Verbatim copy without images: return all of the data as it stands.

***** DATA EXCERPT

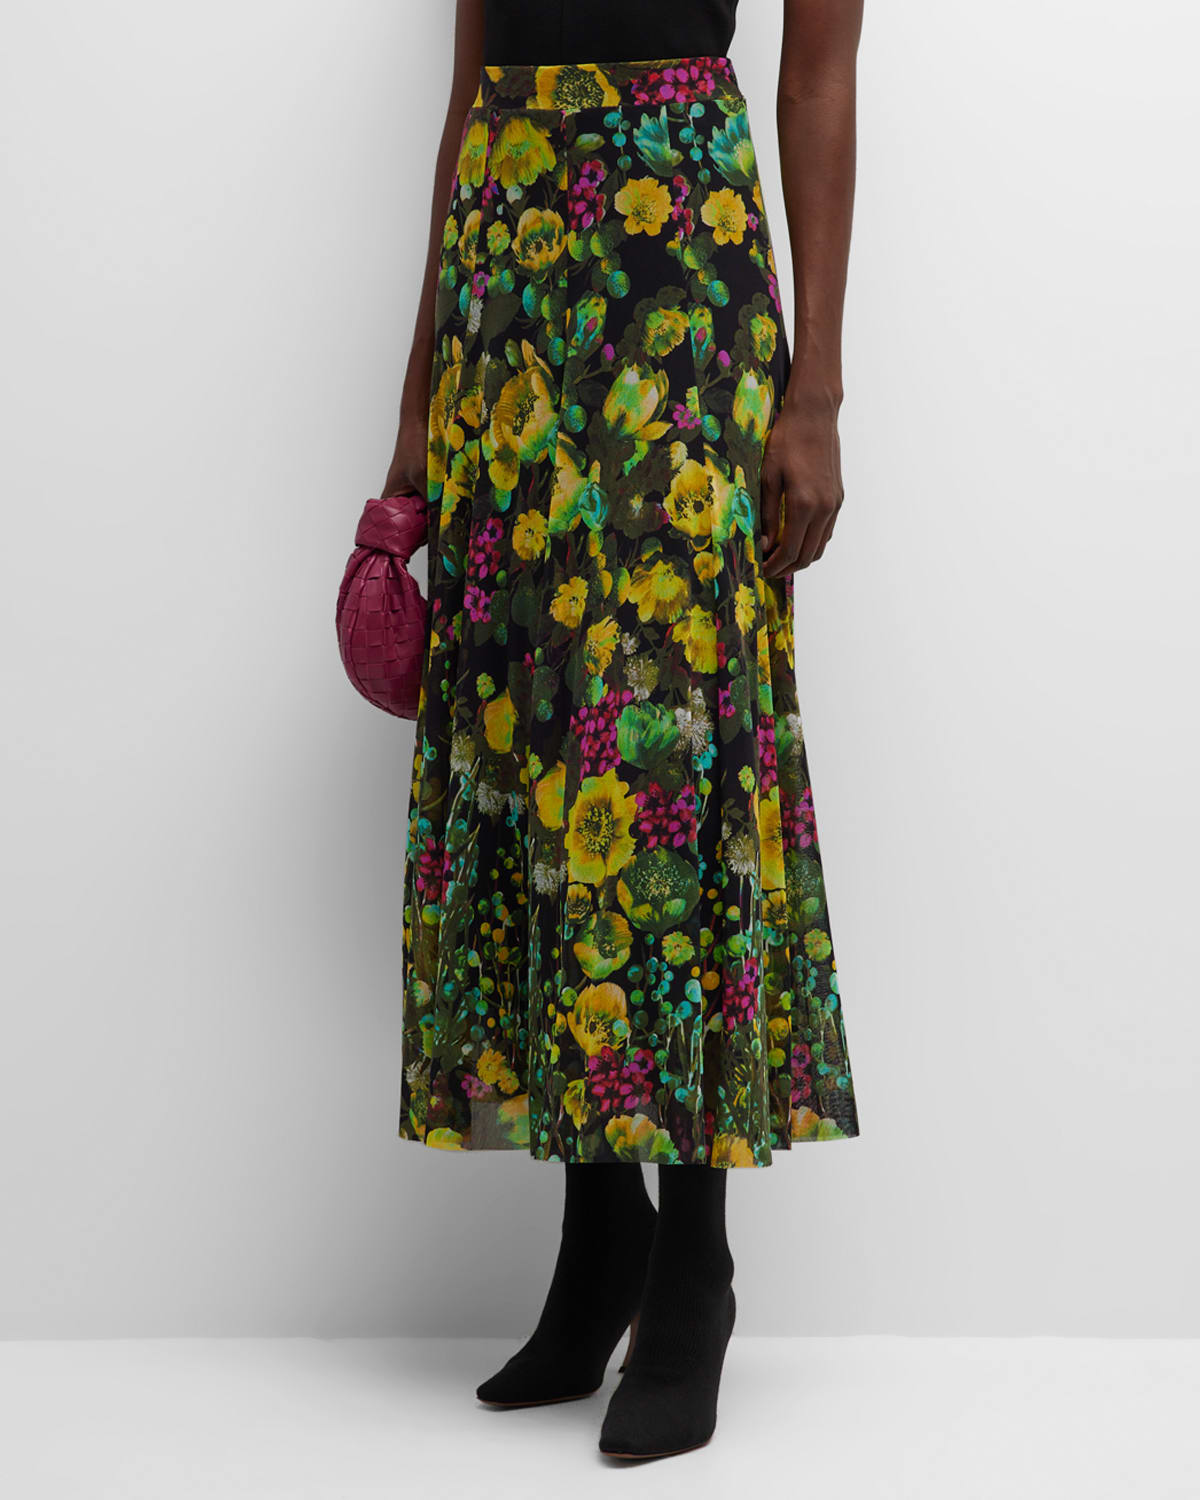 Fuzzi One-Shoulder Floral-Print Tulle Maxi Dress | Neiman Marcus
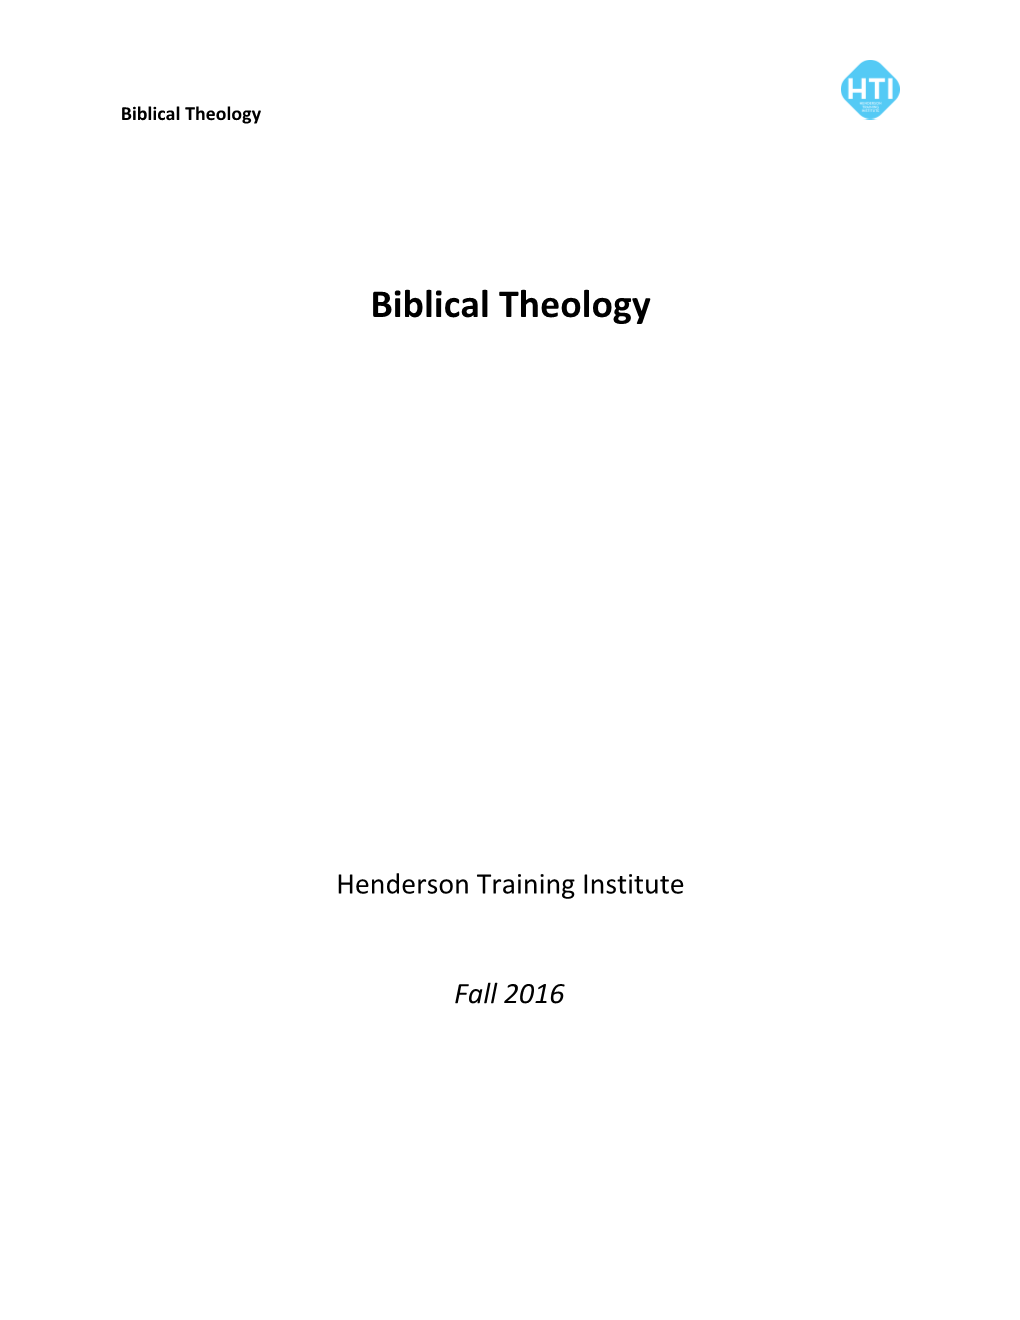 Biblical Theology: Course Syllabus
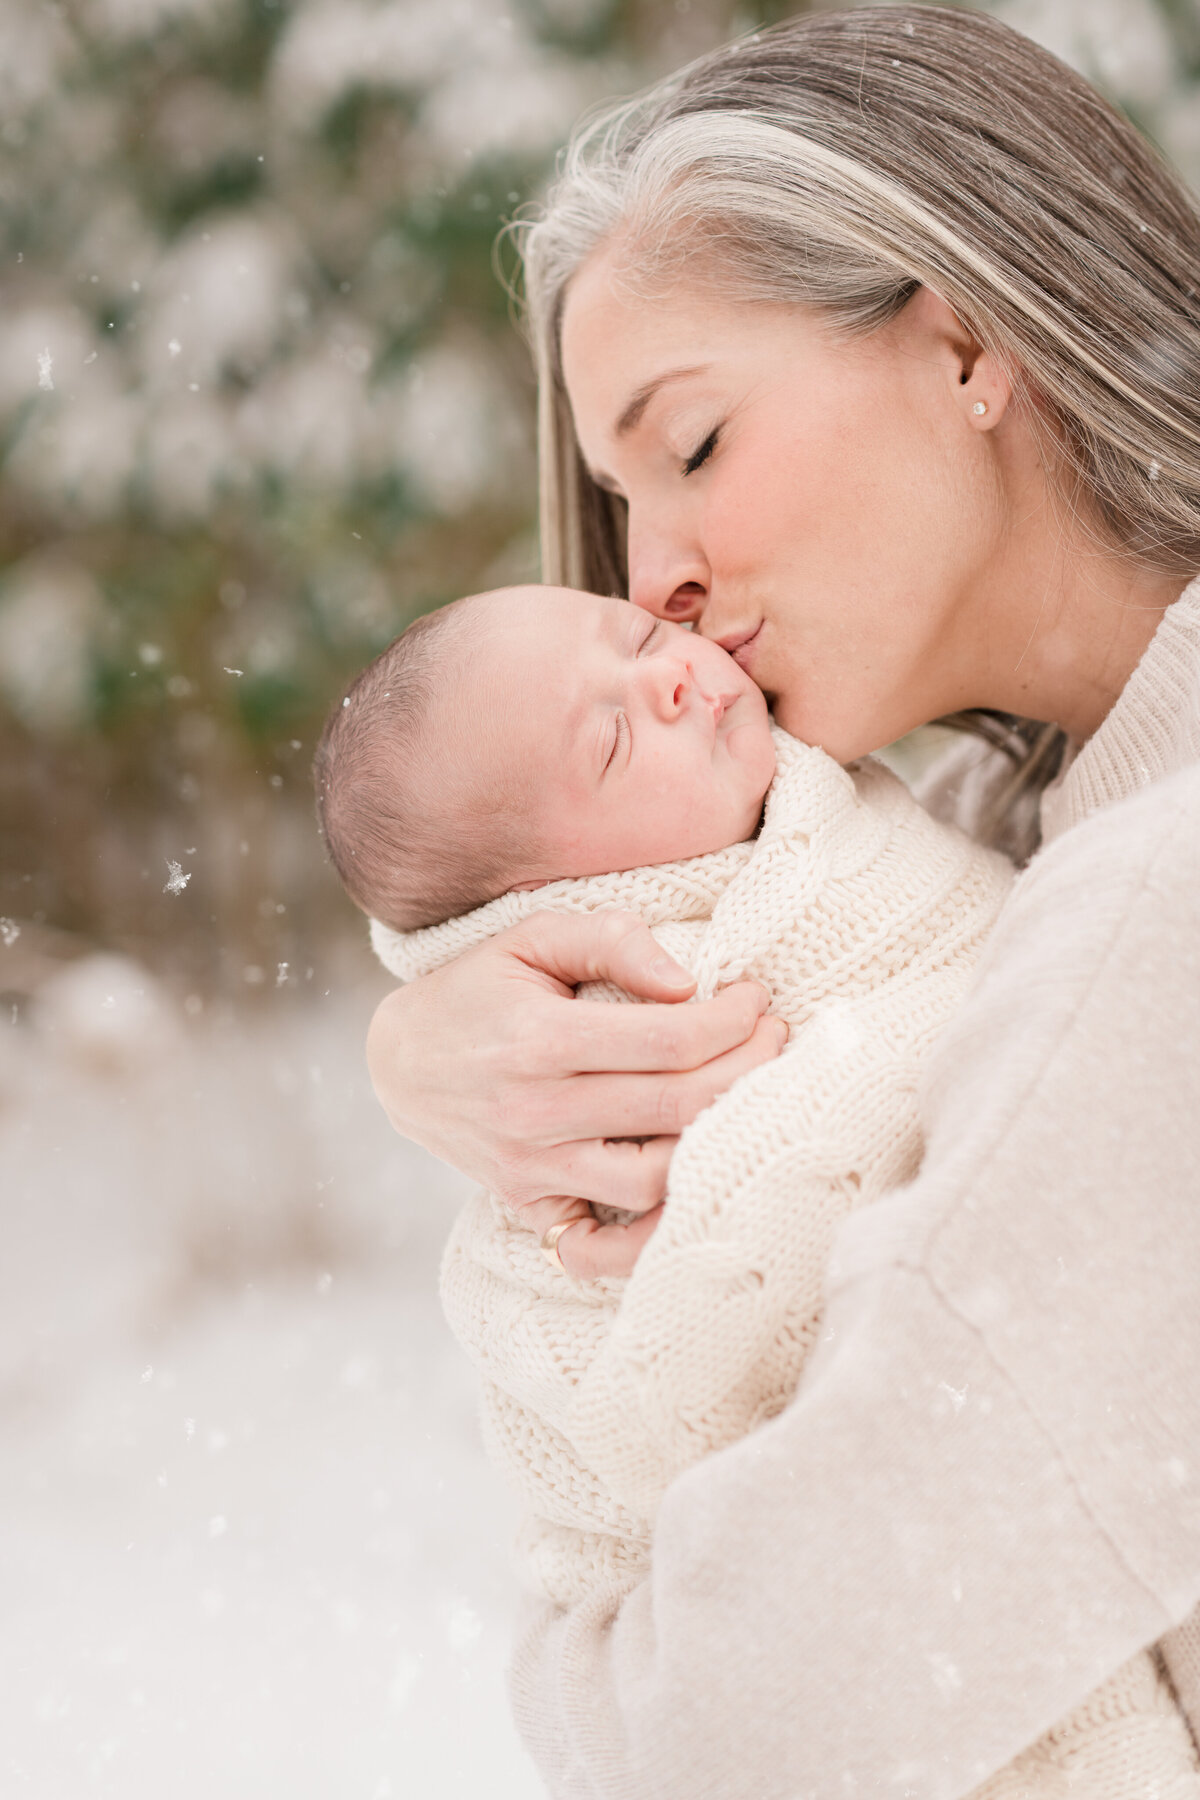 Boston-family-maternity-photographer-winter-newborn-snow-session-1-2
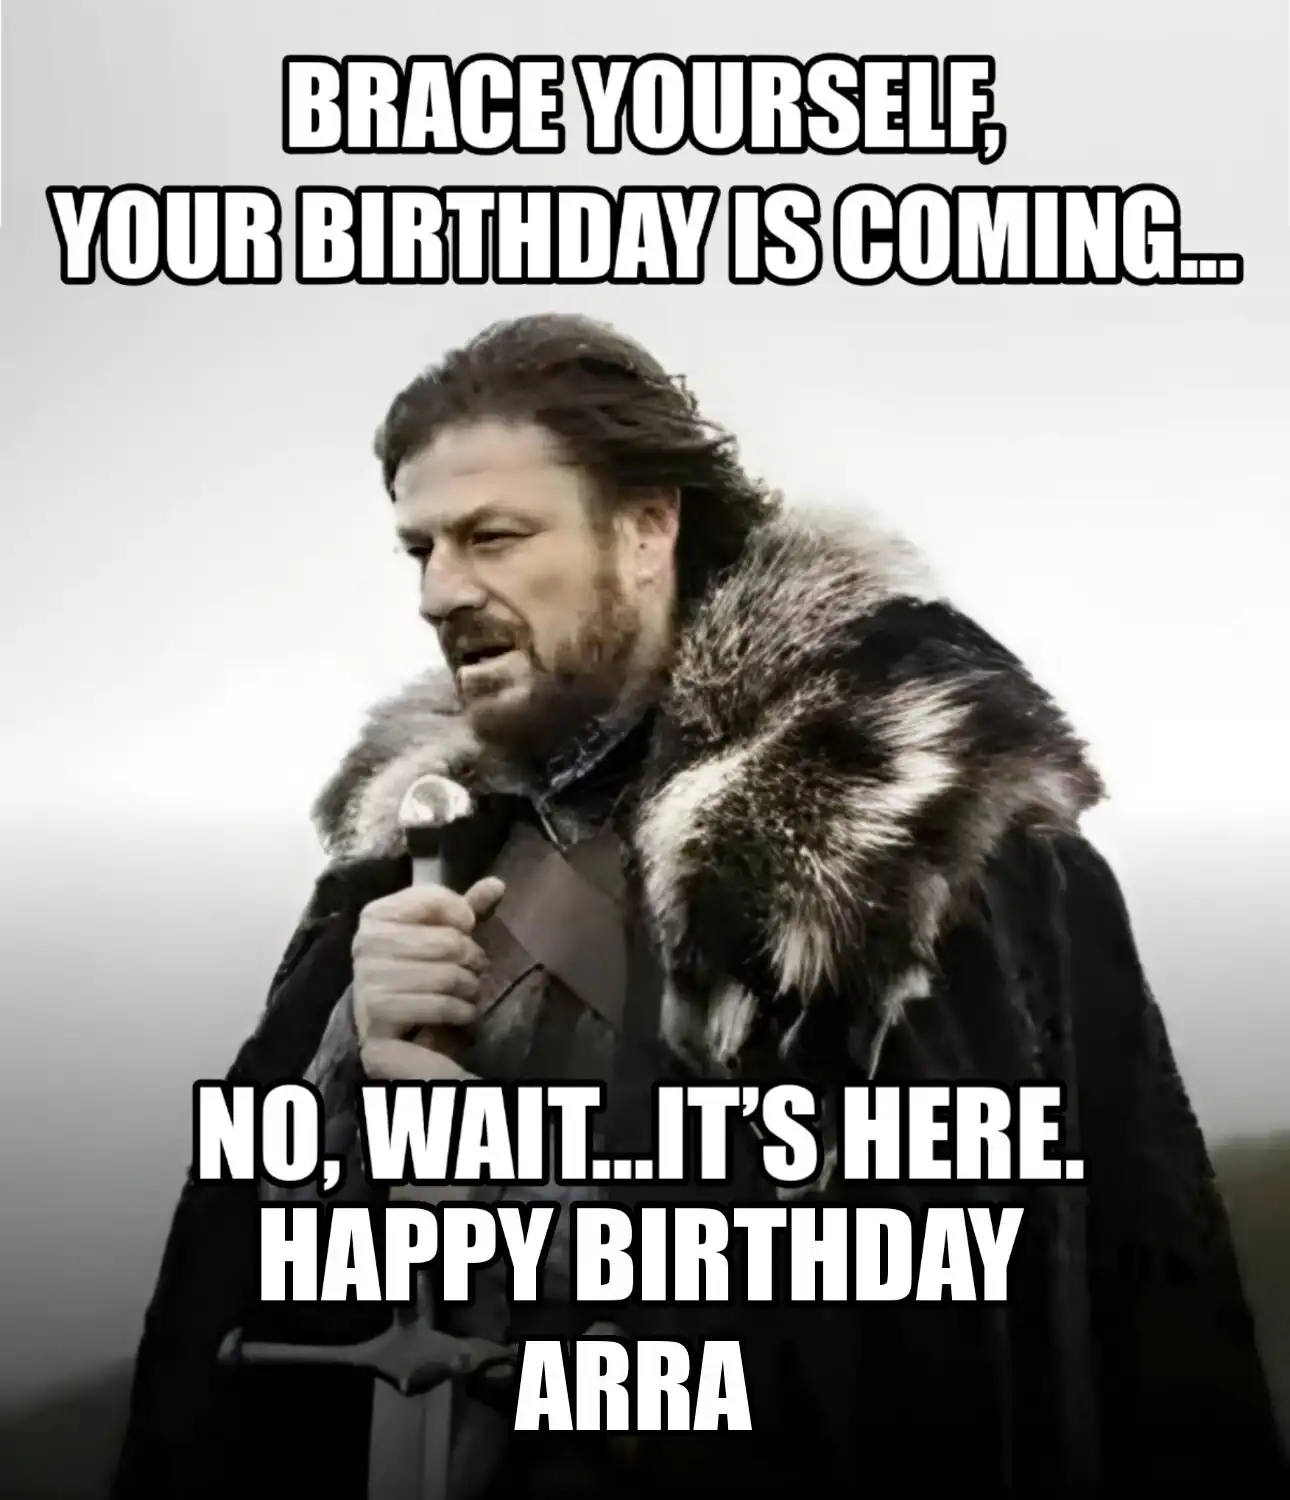 Happy Birthday Arra Brace Yourself Your Birthday Is Coming Meme

**********

§ RESULT OF THIS EXERCISE
 Fuzzi One-Shoulder Floral-Print Tulle Maxi Dress | Neiman Marcus
 Biblical Theology: Course Syllabus
 Boston-family-maternity-photographer-winter-newborn-snow-session-1-2
 Happy Birthday Arra Brace Yourself Your Birthday Is Coming Meme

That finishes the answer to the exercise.